Cause: The OCR version does not match on all the cluster member nodes. Either all nodes are not part of the same cluster, or nodes do not point to the same OCR, or an OCR configuration file has been changed manually to an invalid configuration on one or more nodes
Action: Perform the following checks:
  1. Ensure that all listed nodes are part of the cluster.

  2. Use the ocrcheck utility (/crs/home/bin/ocrcheck) to find the location of OCR on each node. Start ocrcheck with one of the following command:

    As root:

    # ocrcheck
    
    

    As the oracle user, or as a user with OSDBA group privileges, from the user home directory:

    $ /crs/home/bin/ocrcheck
    
    
  3. Repair invalid OCR configurations by logging into a node you suspect has a faulty configuration, stopping the CRS daemon, and entering the following command:

    ocrconfig –repair ocrmirror device_name
    
    

    the ocrconfig -repair command changes the OCR configuration only on the node from which you run the command.

    See Also:

    Oracle Database Oracle Clusterware and Oracle Real Application Clusters Administration and Deployment Guide for information about how to use the ocrconfig tool to repair OCR files
Incorrect OCR version found for nodes:
Cause: the OCR version on the specified nodes does not match the version required for Oracle Database 10g Release 2 (10.2).
Action: Follow the same actions described in the preceding error message, "OCR version is inconsistent amongst the nodes.".
OCR integrity is invalid.
Cause: The data integrity of the OCR is invalid, which indicates that OCR storage is corrupted
Action: Follow the same actions described in the preceding error message, "Unable to obtain OCR integrity details from nodes:".
OCR ID is inconsistent among the nodes.
Cause: One or more nodes list the OCR in a different location.
Action: Follow the same actions described in the preceding error message, "OCR version is inconsistent amongst the nodes."
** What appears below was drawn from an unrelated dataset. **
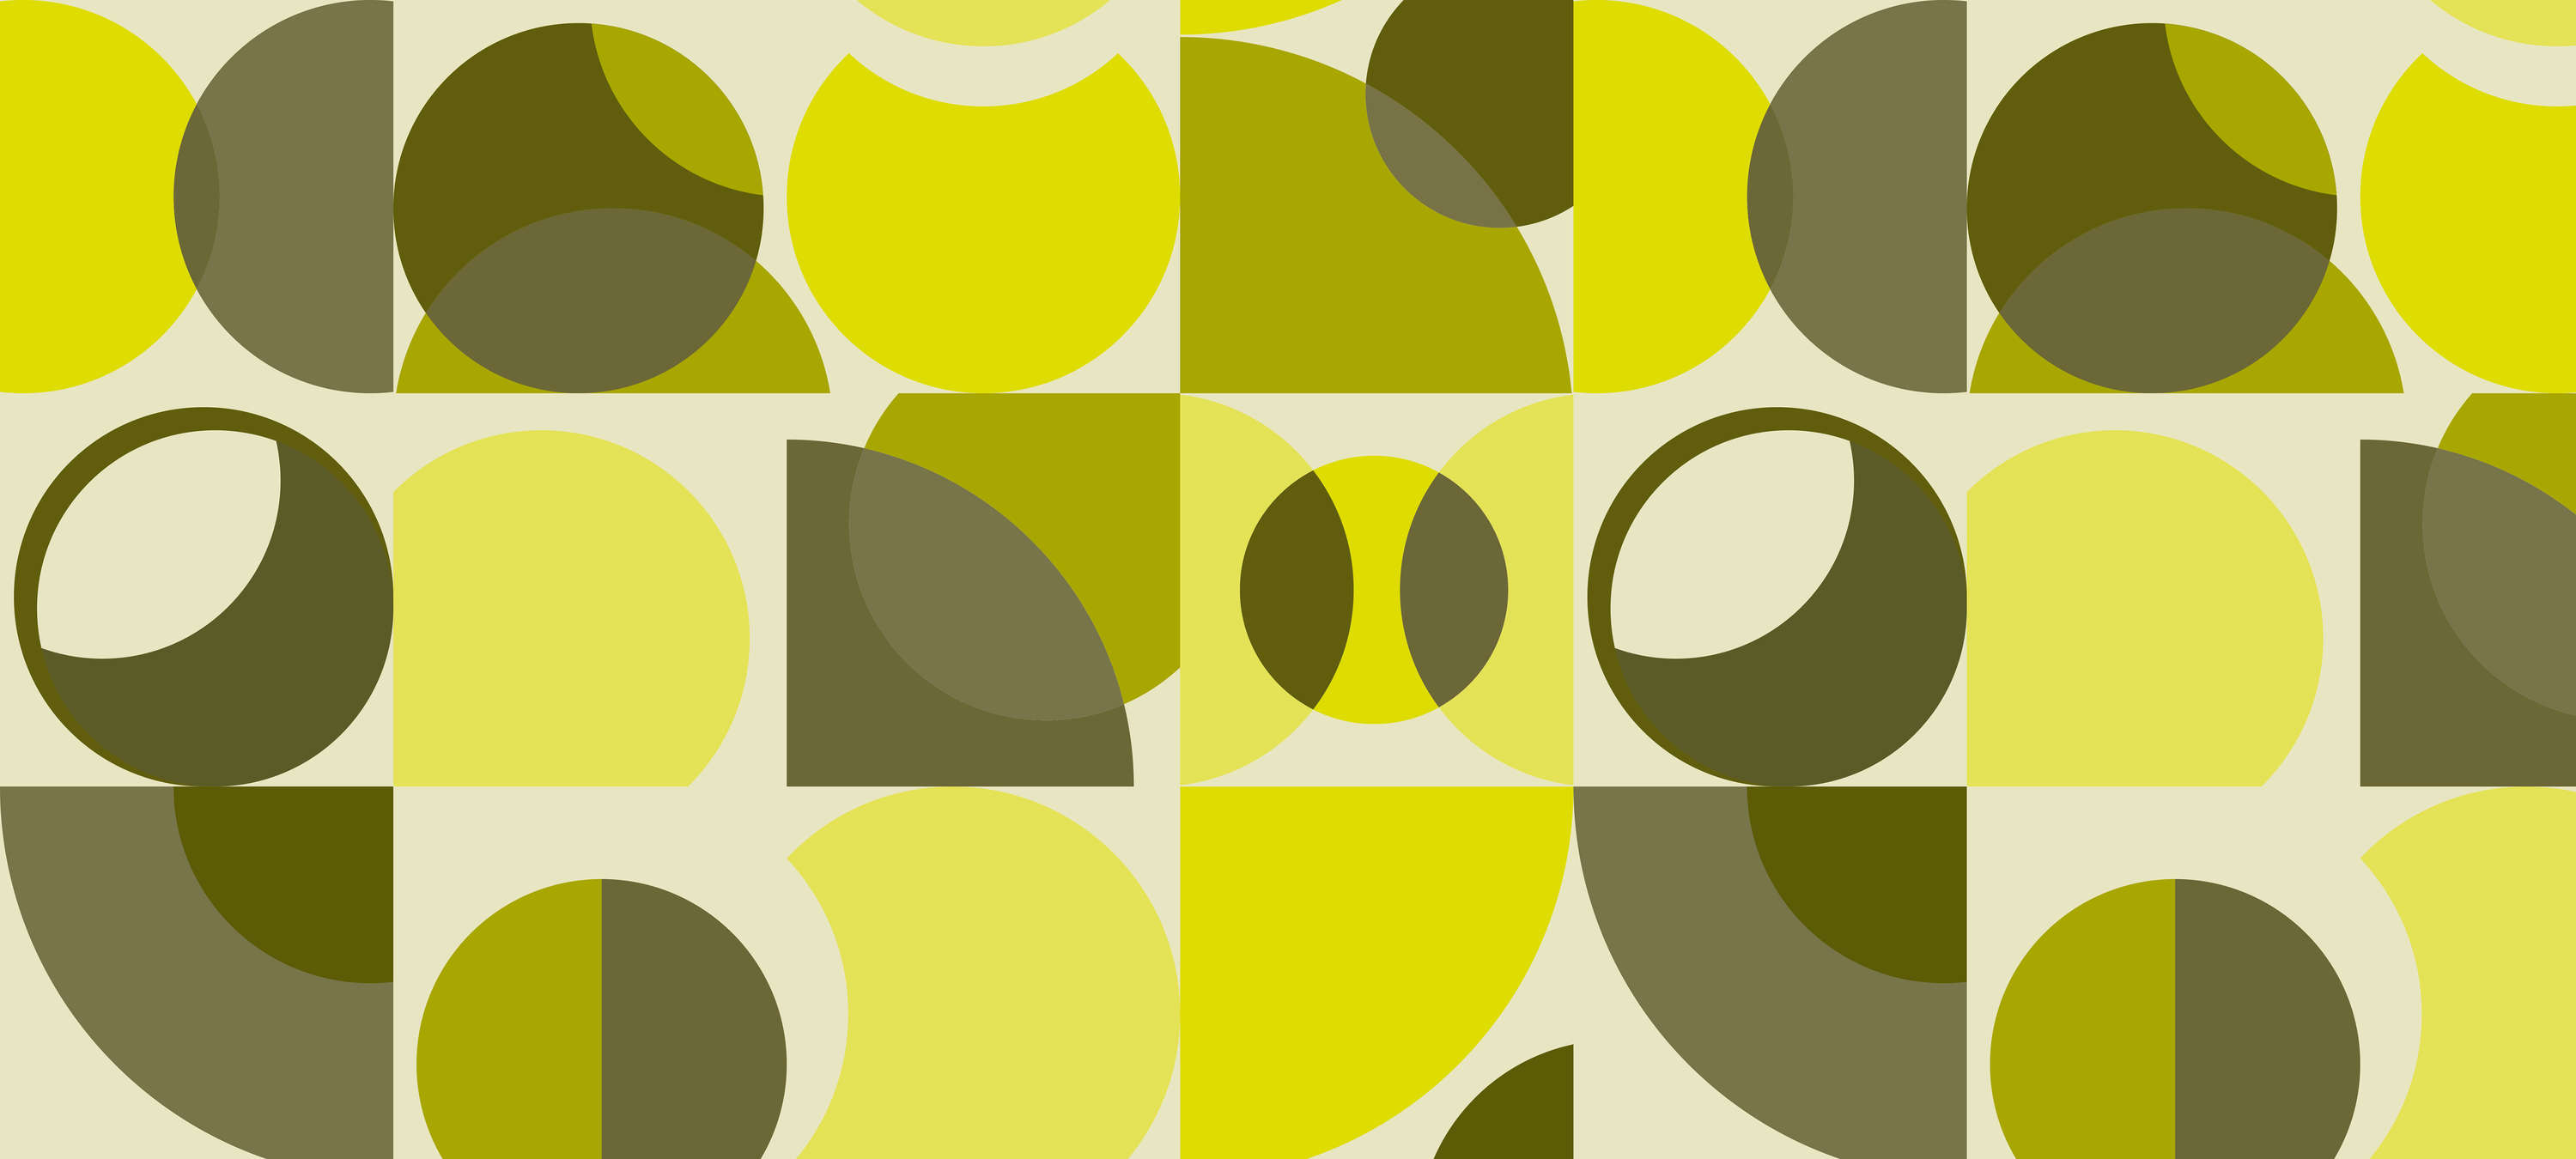             Retro Fototapete mit geometrischem Design – Gelb, Grün, Grau
        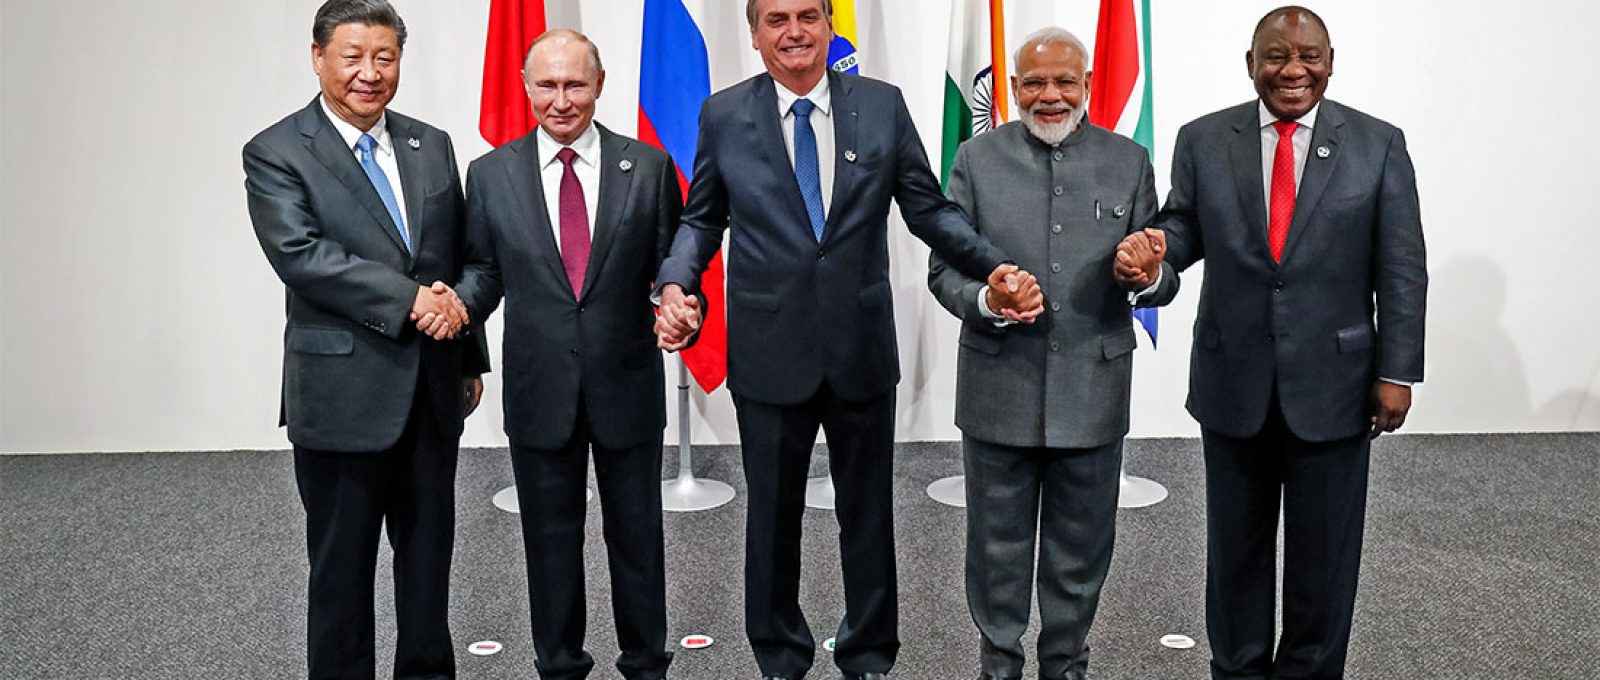 Os líderes dos países membros do BRICS: Xi Jinping, da China, Vladimir Putin, da Rússia, Jair Bolsonaro, do Brasil, Narendra Modi, da Índia e Cyril Ramaphosa, da África do Sul(Alan Santos/Palácio do Planalto/CC BY 2.0).

4.3.4 Oracle Clusterware Background Processes

The following processes must be running in your environment after the Oracle Clusterware installation for Oracle Clusterware to function:

  • oprocd: Process monitor for the cluster.

  • evmd: Event manager daemon that starts the racgevt process to manage callouts.

  • ocssd: Manages cluster node membership and runs as oracle user; failure of this process results in node restart.

  • crsd: Performs high availability recovery and management operations such as maintaining the OCR. Also manages application resources and runs as root user and restarts automatically upon failure.